Another division producing a part for a large, complicated machine began suffering morale problems, absenteeism, and mini-strikes. Raising wages, better working hours, and extra benefits did not fix the problems. Finally the company brought one of the machines to the factory campus. Workers and their families learned about the machine, and heard about the importance of the part they created from those who used it. The author reports, “the bad morale and unrest disappeared at once.”
In general, the author recommends letting workers design and plan their own work. “What is needed is a serious and adult effort to supply the answers the worker wants to know (my italics) instead of giving… the answers management expects (them) to want to know.” He suggests that management does too much for workers that workers should be allowed to do themselves.
Agility
These concepts of giving power to employees and trusting them to make the right decisions reflect principles of the Agile Manifesto. Agility is critical, the author says, because corporations operate in conditions of “continuous change”; in fact, he says their primary function is “economic and technological progress.” Despite this, there is “a real danger that rigid insistence on policy and precedent will stifle the spirit of adventure and initiative.”
Per agility’s emphasis on working directly with customers, the company created a “Customer Research Staff” to break through the isolation of managers from customer wishes.

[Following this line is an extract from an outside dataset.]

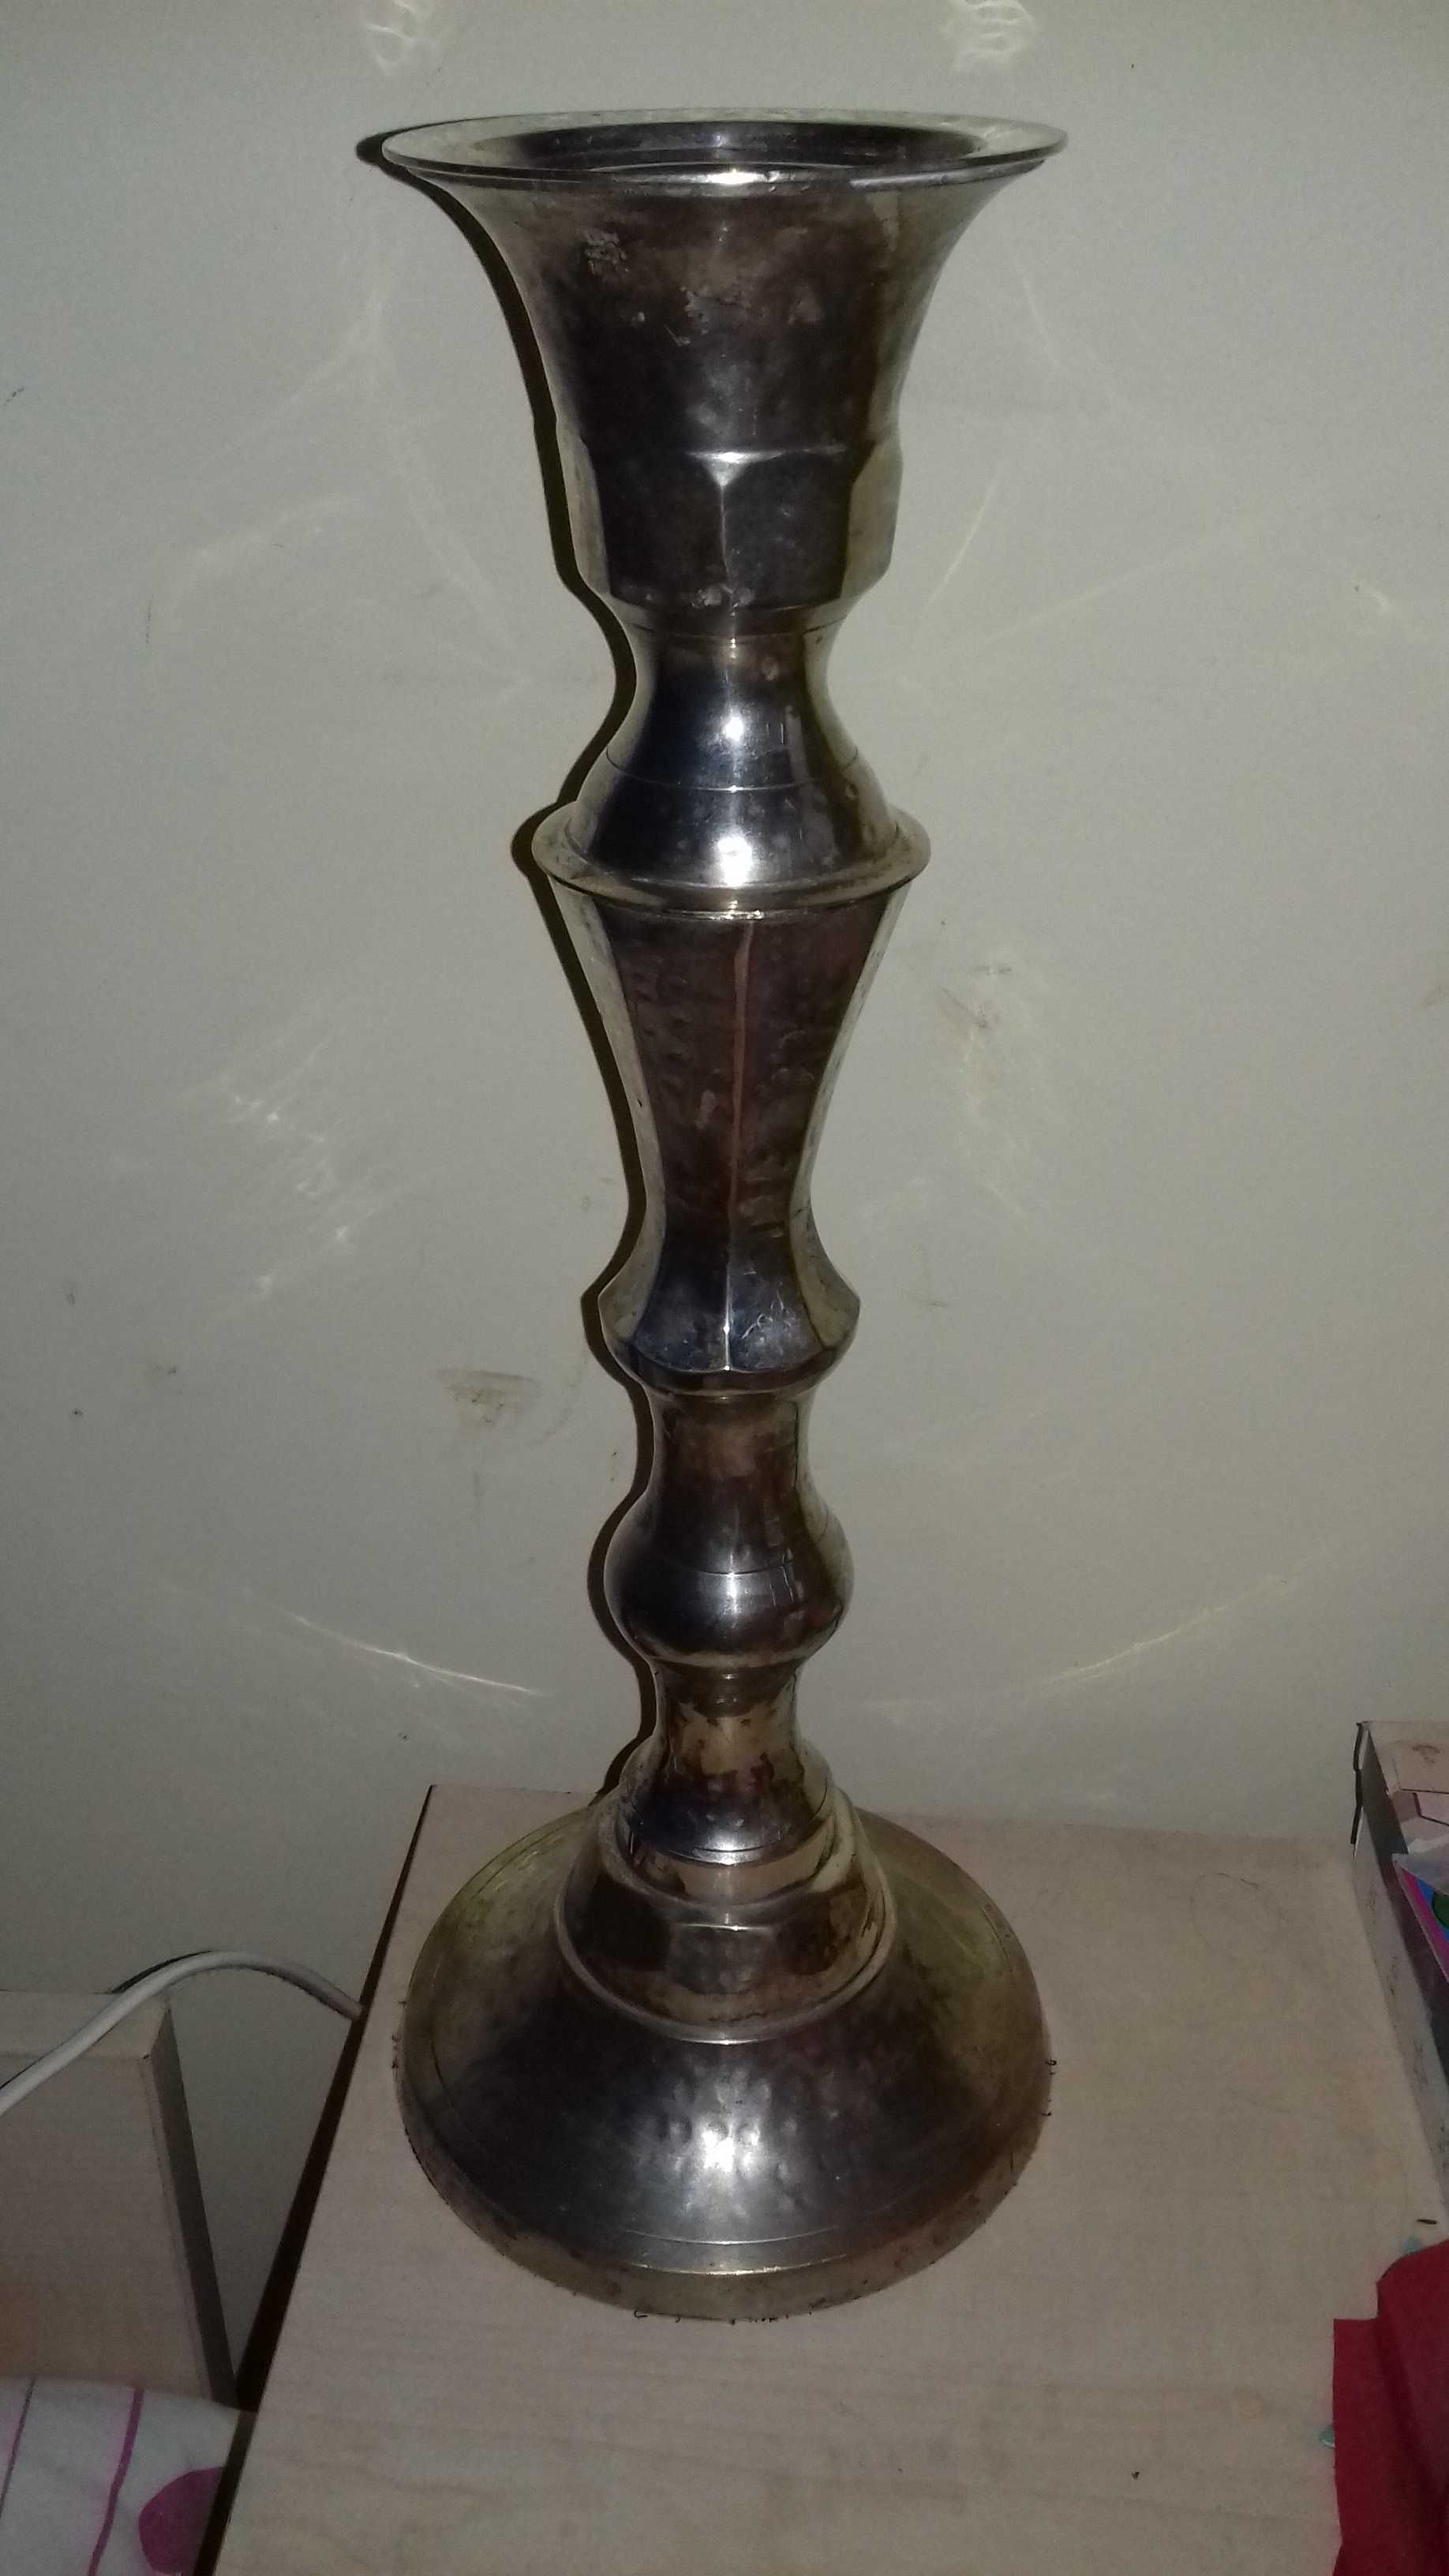 świecznik jednoramienny platerowany,  wysoki 38 cm

The unit had to convince managers that the point was not to educate the stakeholders, but to listen to them and educate the company. This is a key point made by proponents of “customer discovery.”
Although the company required annual estimates from its division, each was allowed to provide three, based on bad, average, and good years. This is far more agile than the standard approach of providing a single estimate that must be met, as if the unit has complete control over its fate.
The Twist
And now for that twist I promised you. This book was written in… 1947! The massive change was World War II. The author, legendary management thinker Peter Drucker, was talking about General Motors. The new products featured in the “Motivation” section were bomb sights, guns, and bombers.
Stop thinking “today’s” business problems, or the solutions from agile management, are anything new. We are facing the same problems, generation after generation, because we don’t widely adopt those solutions.